Charlton AthleticSport

EFL Trophy exit was the last remaining ‘fun’ in a grind of a season for Charlton Athletic


In nearly any other season, Charlton Athletic’s exit from the EFL Trophy would be met with a shrug of the shoulders and not a flicker of emotion from their supporters.

But this is no ordinary season. It shows just how far the Addicks have fallen behind the League One promotion race that this competition – which only really piques anyone’s interest once you get to the last couple of rounds – represented the last chance for something called ‘fun’ between now and May.

A win in County Durham would have sent Johnnie Jackson’s side into the last four.

But Charlton’s performance at The Suit Direct Stadium meant there was no need to get measured up with glad rags for a Wembley date.

Hartlepool fully deserved to add the South Londoners to their list of scalps in cup competitions this season – along with Wycombe, Sheffield Wednesday, Lincoln, Bolton and Blackpool.

Crystal Palace are next up, in the FA Cup fourth round, at the start of February.

Results and displays have dropped off since Jackson was handed the manager’s job on a permanent basis in the middle of December. The wins over Sunderland, Plymouth and Ipswich Town during his caretaker spell are undoubtedly the standout performances.

But at least some of the intensity and tempo of their pressing play has dissipated. Tuesday night was the kind of uninspired showing that put Nigel Adkins in trouble.

Jackson made seven changes from the side that beat Fleetwood at the weekend but the desire to progress was still apparent just from a glance at his options on the bench.

That Charlton led at the interval was more to do with clinical finishing than any kind of control over the feisty hosts.
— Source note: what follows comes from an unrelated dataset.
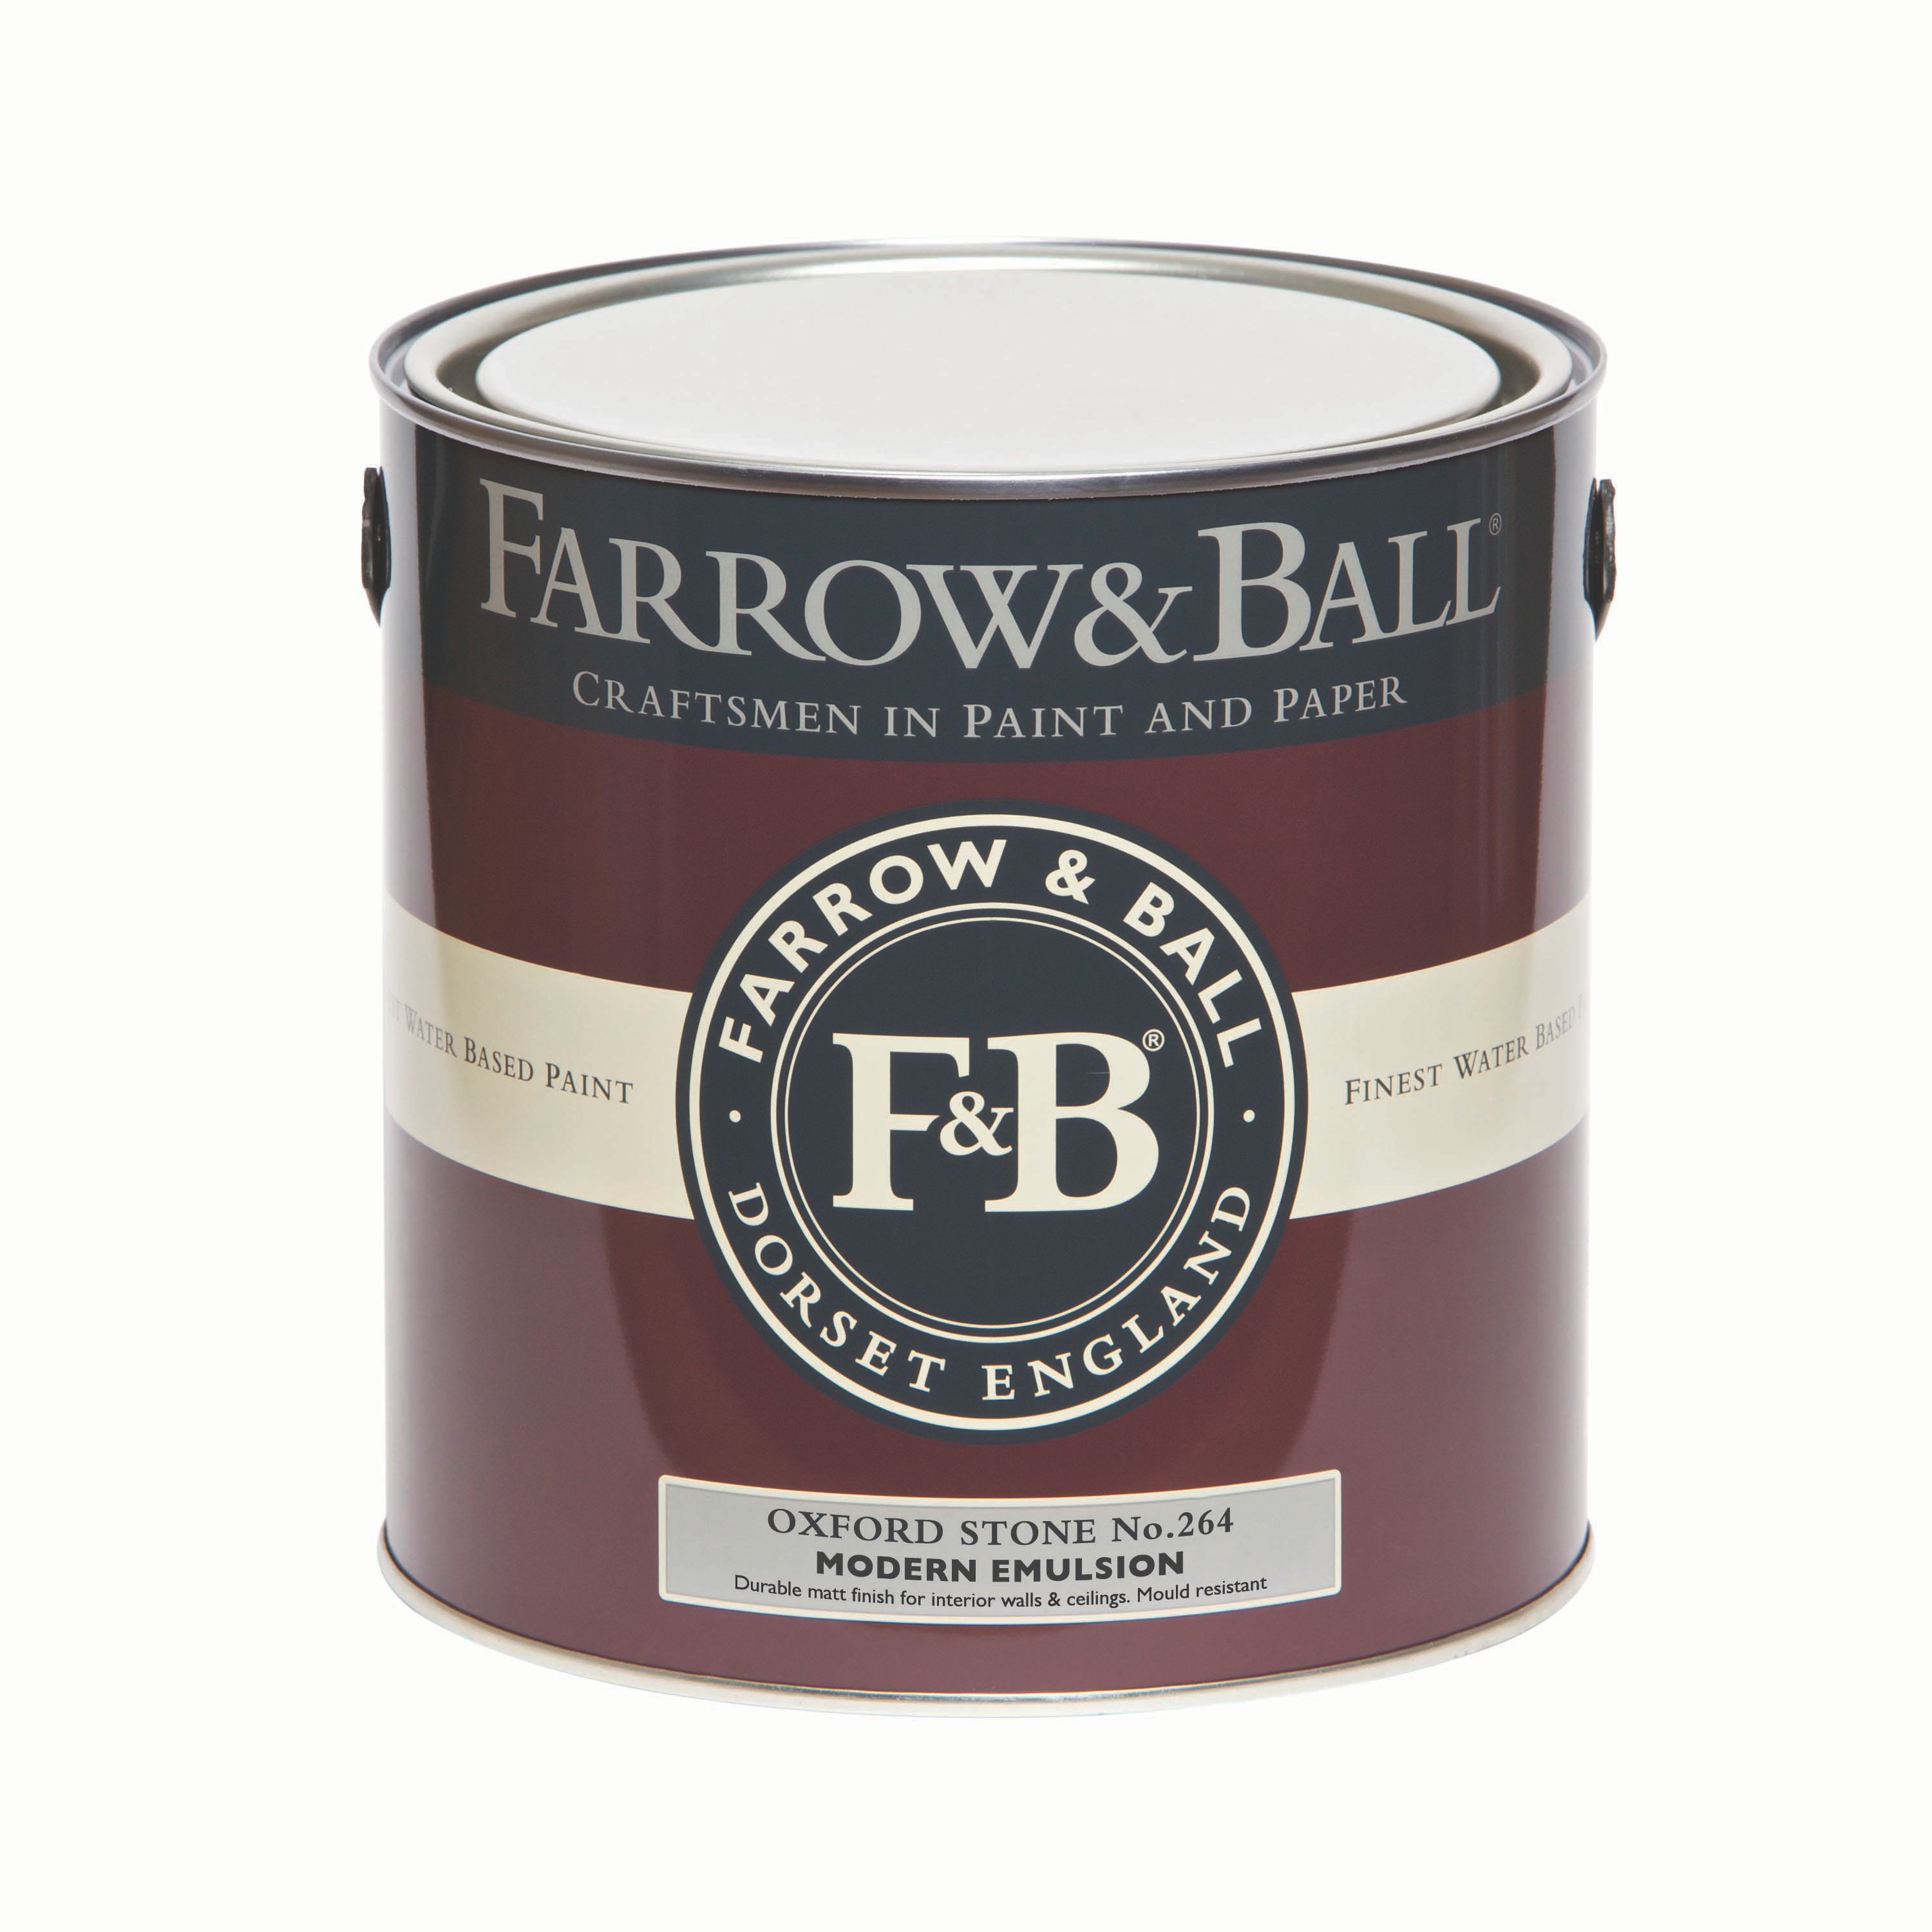 Farrow & Ball Modern Oxford stone No.264 Matt Emulsion paint, 2.5L

Charlton Athletic’s Mason Burstow (right) scores their side’s first goal of the game during the Papa John’s Trophy quarter-final match at Victoria Park, Hartlepool.

Joe Grey scooped over Craig MacGillivray to give Pools a perfect start but the predatory Mason Burstow struck in the 17th minute.

Ben Killip saved the striker’s initial effort with his legs but the teenager, already attracting interest from clubs higher up the food chain, headed the rebound into an unguarded net.

Alex Gilbey put Charlton ahead just after the half-hour mark. Ben Purrington and Conor Washington both went for Jonathan Leko’s far-post cross, doing enough to find Gilbey for a smart swivel and finish.

Charlton’s forward play became even less effective once the action resumed. Hartlepool moved the ball quicker and with more purpose.

Luke Molyneux curled past MacGillivray to make it 2-2. You could not fault the strike, but you certainly could not say the same for the time and space he was afforded to shift it on to his stronger left foot.

When it came to penalties, you had a bad feeling as Elliot Lee walked up to take Charlton’s fourth spot-kick.

The Luton loanee is struggling for form and did not exude confidence as he spotted the ball. Killip had gone the wrong way for the first three efforts – dispatched by Washington, Gilbey and Sean Clare. He dived to his right again and Lee’s penalty lacked both power and placement.

The chance for some glory, and silverware, is gone. The immediate target for Charlton’s players is to climb into a more respectable league position.

Six of their next eight matches are against clubs that are in the top 10 – including three of the top four.

It’s either swim….or sink lower into the murky depths.